🤖 AI Summary
Fake news video detection suffers from scarce and insufficiently diverse training data, as well as spurious pattern biases—rooted in the complex many-to-many mapping between video segments and fabricated events, which existing datasets fail to model realistically. To address this, we propose AgentAug, the first large language model–driven framework for simulating creative misinformation generation processes.
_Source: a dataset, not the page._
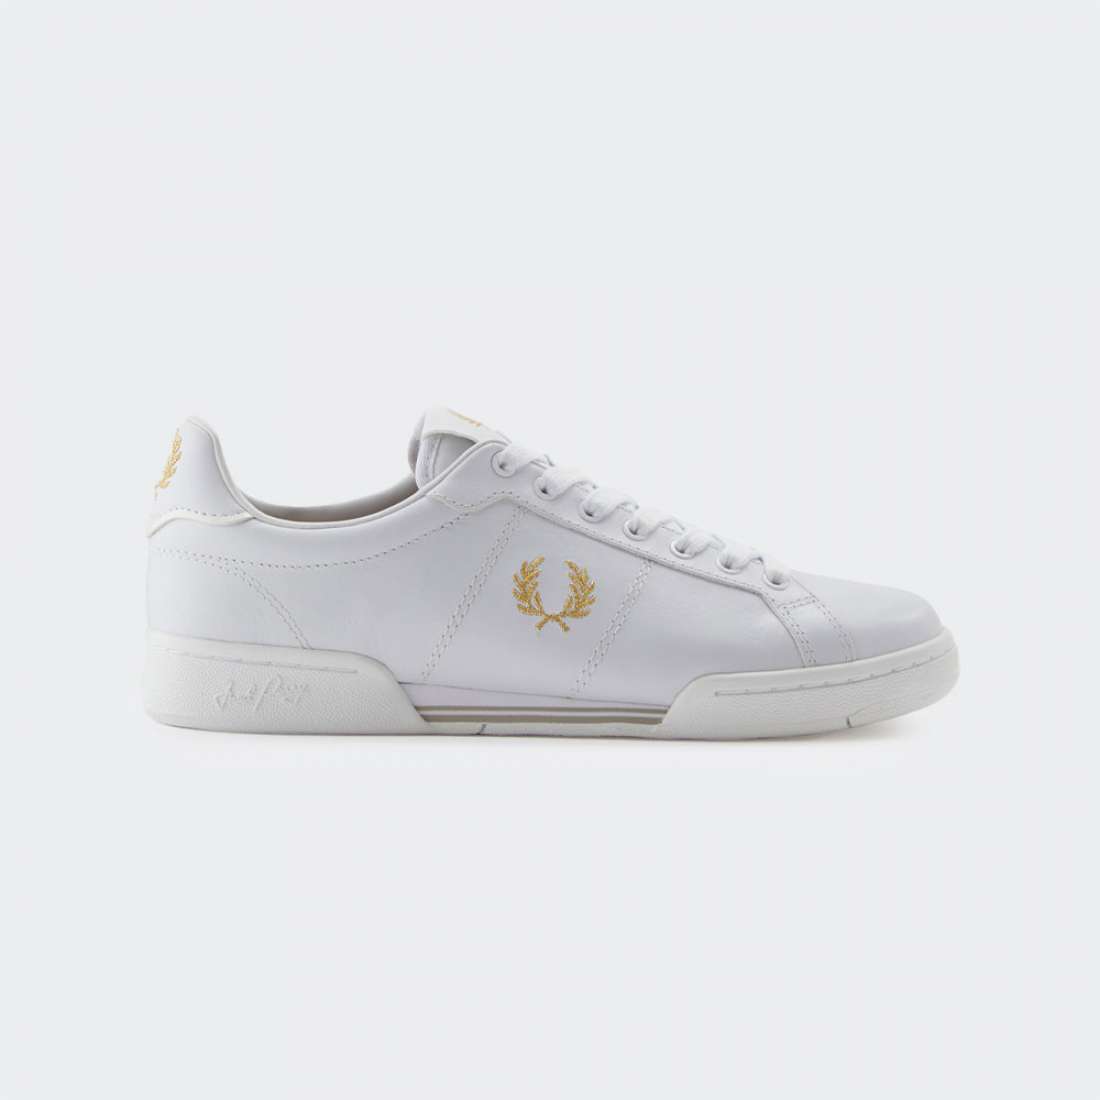 FRED PERRY B722 WHITE/GOLD

AgentAug explicitly models the segment–event many-to-many relationship via a multi-path generative mechanism that emulates four canonical fabrication strategies, and integrates uncertainty-based active learning to enhance both the quality and efficiency of data augmentation. Experiments on two benchmark datasets demonstrate that AgentAug significantly improves the performance of state-of-the-art detection models, effectively mitigating overfitting induced by data scarcity and bias, while substantially boosting model generalization.
📝 Abstract
The emergence of fake news on short video platforms has become a new significant societal concern, necessitating automatic video-news-specific detection. Current detectors primarily rely on pattern-based features to separate fake news videos from real ones. However, limited and less diversified training data lead to biased patterns and hinder their performance. This weakness stems from the complex many-to-many relationships between video material segments and fabricated news events in real-world scenarios: a single video clip can be utilized in multiple ways to create different fake narratives, while a single fabricated event often combines multiple distinct video segments. However, existing datasets do not adequately reflect such relationships due to the difficulty of collecting and annotating large-scale real-world data, resulting in sparse coverage and non-comprehensive learning of the characteristics of potential fake news video creation. To address this issue, we propose a data augmentation framework, AgentAug, that generates diverse fake news videos by simulating typical creative processes. AgentAug implements multiple LLM-driven pipelines of four fabrication categories for news video creation, combined with an active learning strategy based on uncertainty sampling to select the potentially useful augmented samples during training. Experimental results on two benchmark datasets demonstrate that AgentAug consistently improves the performance of short video fake news detectors.